Agile Property Holdings Ltd. (3383), the developer controlled by Chinese billionaire Chen Zhuolin, said it sold 7.8 billion yuan at its biggest project in Sanya last year, a 30 percent increase from a year earlier. The Clearwater Bay is a 20 billion-yuan investment with residential apartments, villas, five-star hotels, a yacht club, shopping mall and golf course.

Boom, Bust

Hainan is no stranger to booms and busts. In 1993, home prices on the 34,000-square-kilometer (13,127-square-mile) island exceeded those in Beijing and Shanghai by as much a two to three times after the province was spun off from Guangdong province to become China’s biggest Special Economic Zone at the time, according to Mizuho Securities Asia Ltd.

When the bubble burst in 1995, as Beijing tightened monetary policy and prodded banks into canceling loans, some developers went bankrupt, leaving unfinished real estate projects and a decade-long subdued market on Hainan.

An increasing middle and wealthy class is now helping underpin demand for vacation homes, according to Savills.

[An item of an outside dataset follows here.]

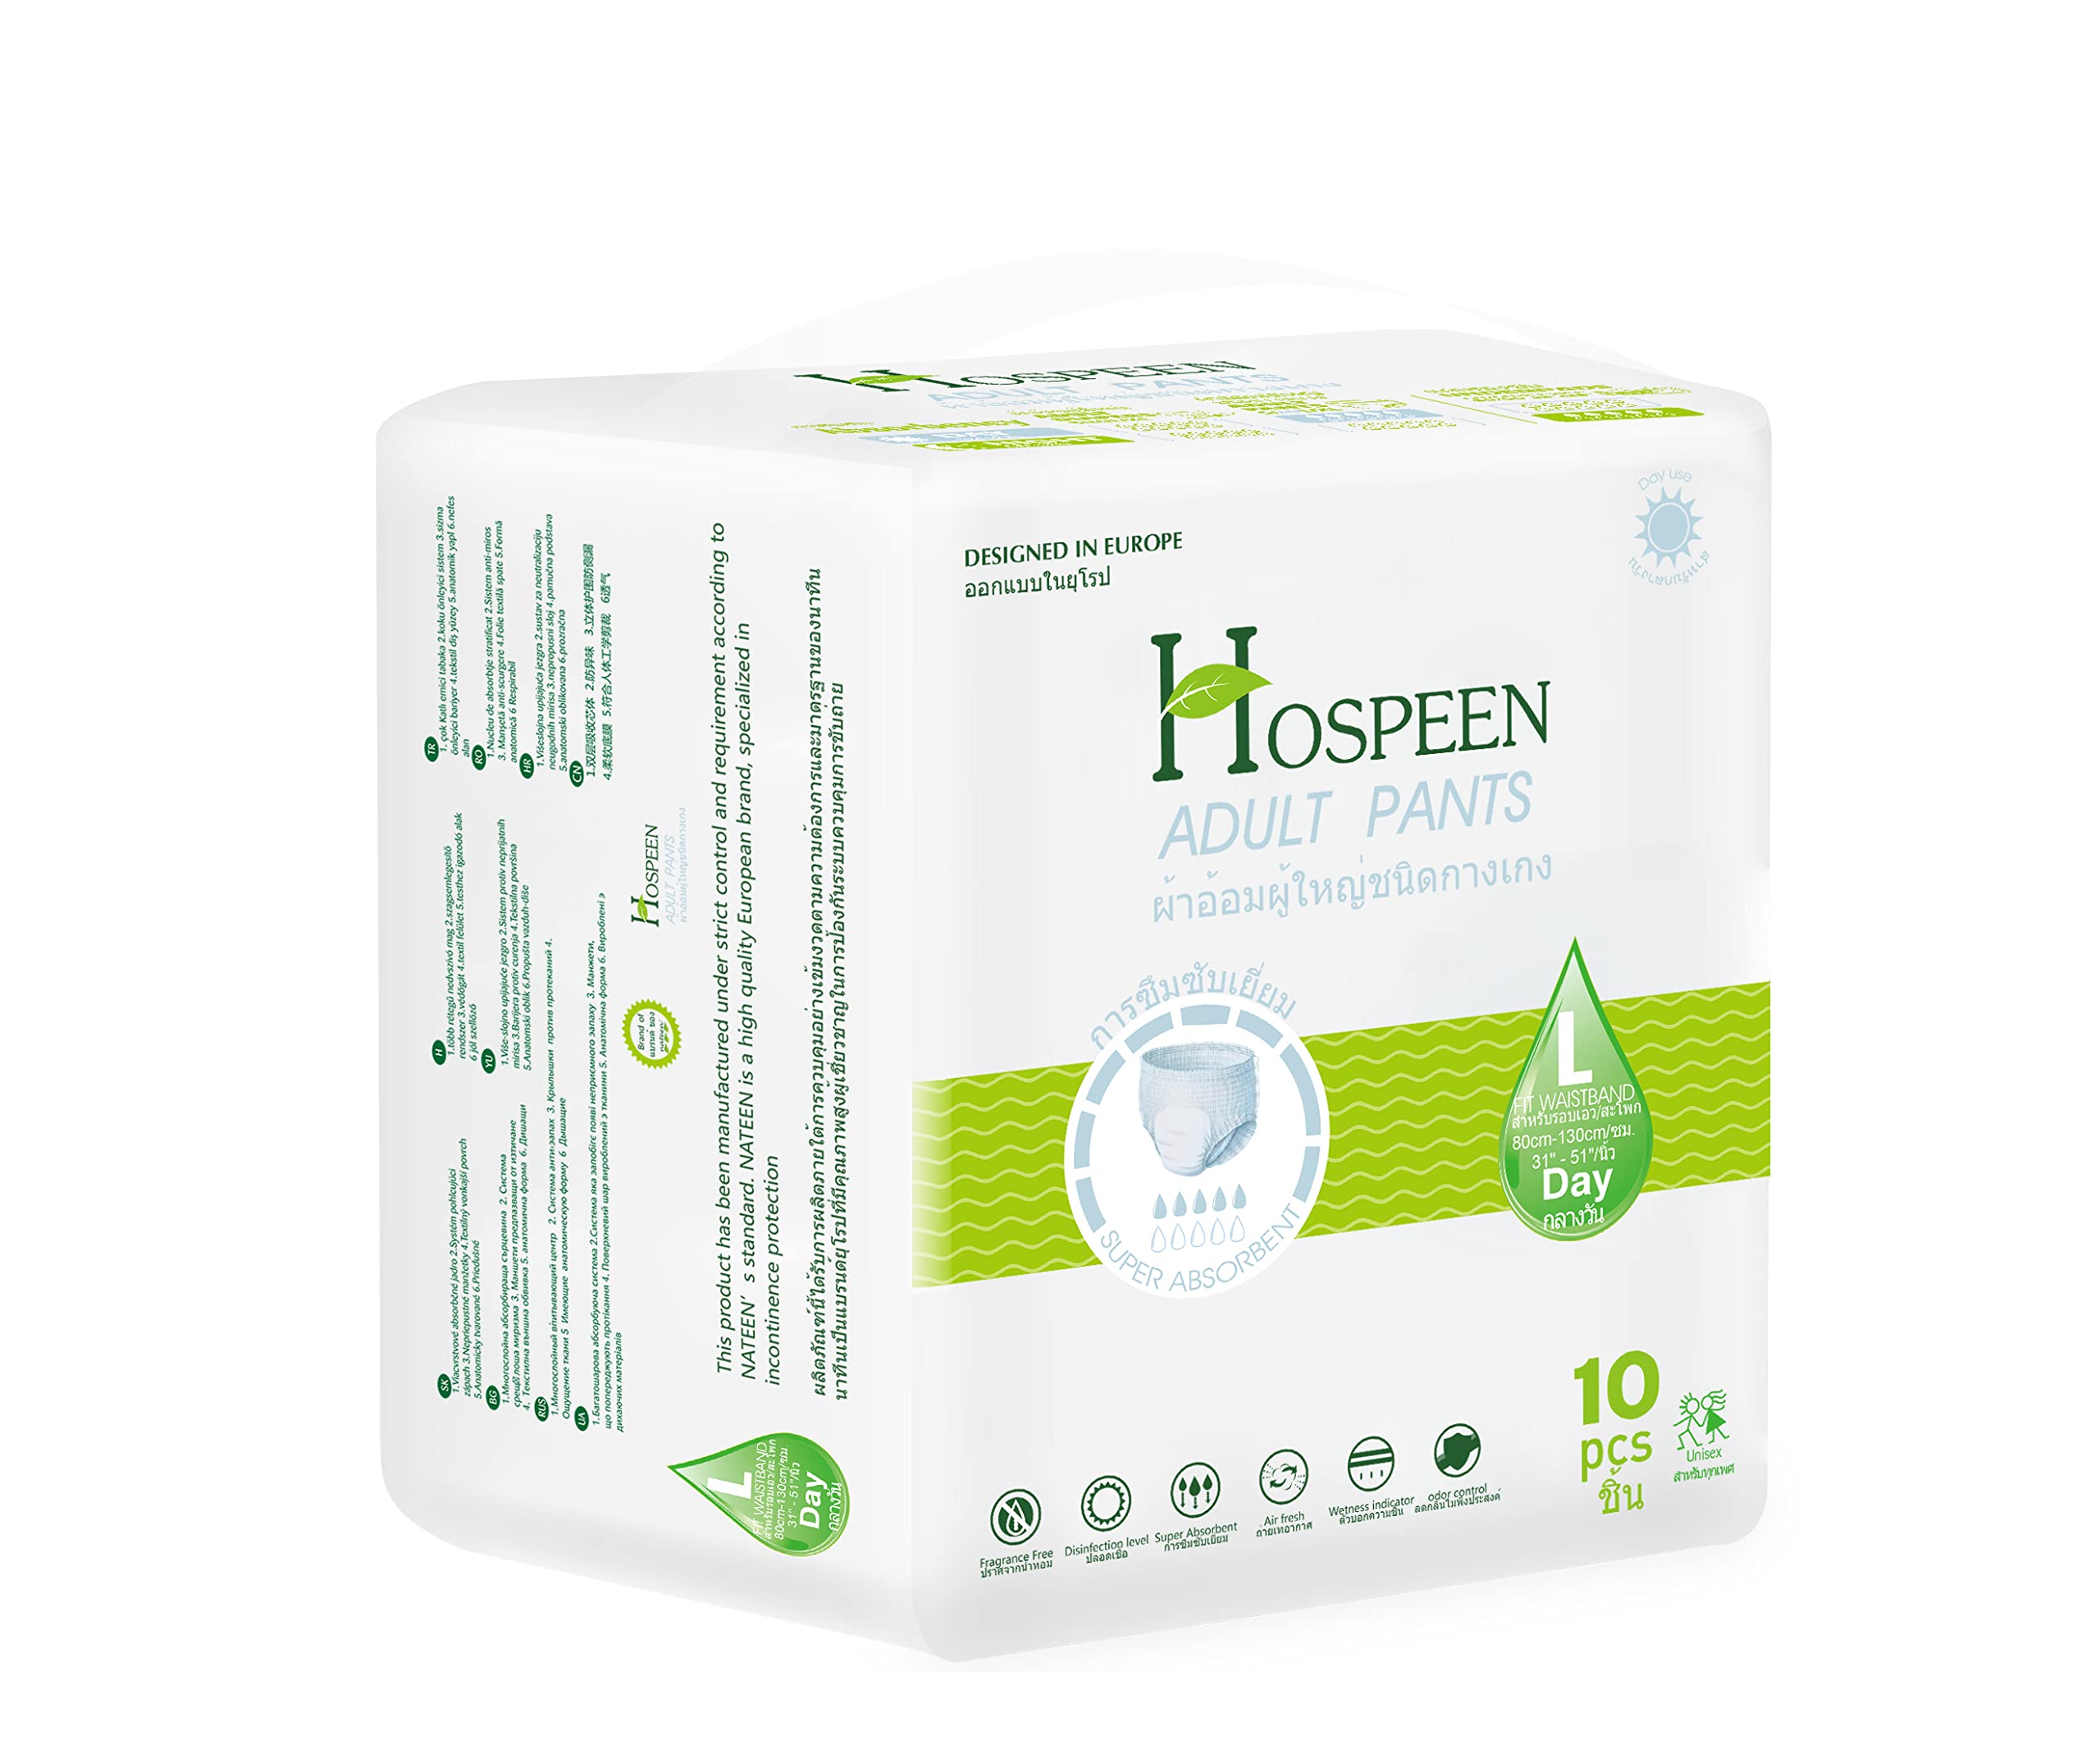 Nateen Hospeen Adult Diapers Pants,Period Panties for Sanitary Protection,Large,Waist Size 80-130cm,10 Count Day Unisex Adult Pull Ups,360 Dgree Elastic Waistband,Super Soft Fit

“Obviously there’s still a certain degree of investment sentiment today, but what you see a lot more now is actually some form of self-use as well,” said James Macdonald, Shanghai-based head of China research for Savills. “It is quite clear why people go to Sanya: It is because of the beaches, the weather, the seafood, and the luxury relaxing lifestyle. With the size of China, you need to have something unique to be able to stand out and sustain certain demand to support your property market.”